To: Anthony@Pacific who wrote (61439)10/25/2000 9:48:58 PM
From: StockDung  Respond to of 122087
 
Lehman still says "avoid" Amazon.com convert bonds

By Jonathan Stempel


NEW YORK, Oct 25 (Reuters) - One day after Amazon.com Inc.<AMZN.O> surprised Wall Street by saying it is losing less money than expected, Lehman Brothers Inc. for the second time this year warned investors to "avoid" the Internet retailer's convertible bonds.

"Despite the obvious improvement in operations, we continue to be concerned about Amazon's cash picture in the first half of next year," wrote Ravi Suria, vice president of convertibles strategy, in a report dated Wednesday.

Suria issued a similar warning in June, when he said Amazon.com could run out of cash by the middle of 2001. That helped trigger a 19 percent one-day slide in the Seattle-based company's stock.

"It is (the fourth quarter) that makes or breaks a retailer," Suria wrote on Wednesday. "While the (third quarter) numbers are encouraging (especially in the light of some of the recent disappointments in the overall retailing sector) we would be looking at the numbers in the first quarter of 2001 to reassess our position on the convertibles.
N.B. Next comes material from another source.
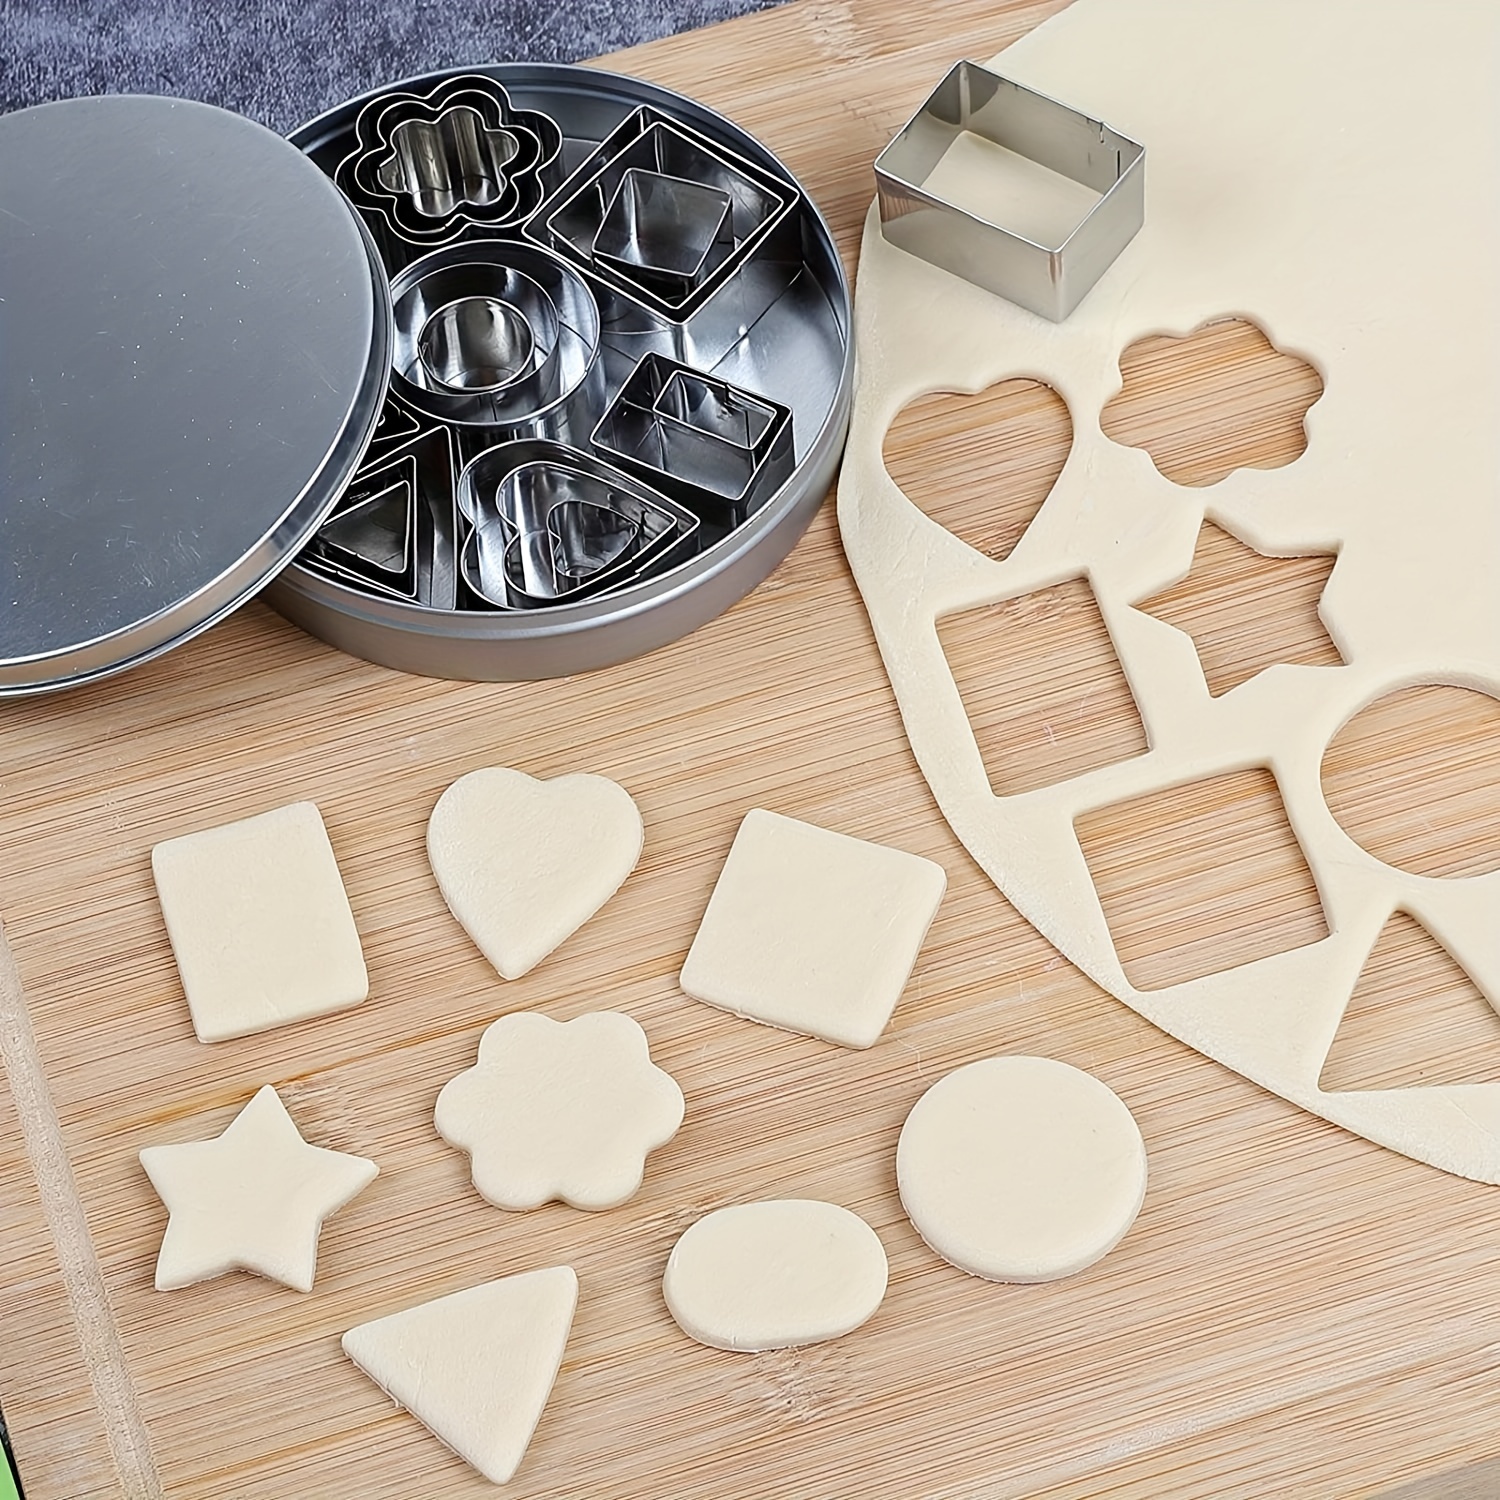 Stainless Steel Pastry Cookie Biscuit Cutter Cake Muffin Decor Mold for  Kitchen Multifunctional Tool

"We believe that the true credit picture will emerge over the holiday selling season," he concluded.

Amazon.com declined to comment, saying it does not discuss analyst reports. Suria was not available for further comment.

Suria issued his report on a day when shares of Amazon.com rose $2-5/16, or 7.82 percent, to close at $31-7/8 on Nasdaq volume of 28.6 million shares. The stock remains far below its all-time high of $113 set last December.

Wednesday's rise came after Amazon.com, which has sold more than $2 billion of convertible and high-yield bonds, said it lost 25 cents per share in its third quarter, below the 33 cent loss analysts polled by First Call/Thomson Financial expected.

The company also said third-quarter revenues totaled $638 million, above the roughly $600 million analysts expected.

NO CONFIDENCE

In his new report, Suria said Amazon.com enjoyed "substantial operating improvement" in the quarter, even though one-time gains appeared to boost cash levels by about $75 million -- an amount "not of tremendous significance."

The analyst, however, questioned Amazon.com's projections for how much cash it will keep on hand.

Amazon.com said it had $900 million at the end of its third quarter, and expects to have $1 billion at the end of the year and $700 million at the end of March.

"We do not have confidence" in the latter number, he wrote.

Most retailers, he wrote, close their books in January, while Amazon.com closes its books in December. At that date, he wrote, even if Amazon.com has $1 billion in cash, it will have $650 million of bills to pay off, leaving it with only $350 million of usable cash.

This lower amount, Suria wrote, suggests lower liquidity, and may push vendors to demand payments sooner.

"If the company's cash balance dips below $400 million, then the vendor squeeze is likely to pick up sharply," he wrote.

AMAZON.COM'S CONVERTIBLE BONDS

In January 1999, Amazon.com sold $1.25 billion of the 4.75 percent convertible bonds maturing in 2009. On Tuesday, these bonds were bid at 56.1 cents on the dollar, with a yield to maturity of 13.8 percent, Lehman said.

Amazon.com in February 2000 sold 690 million euros (then worth about $681 million) of 6.875 percent convertible bonds maturing in 2010.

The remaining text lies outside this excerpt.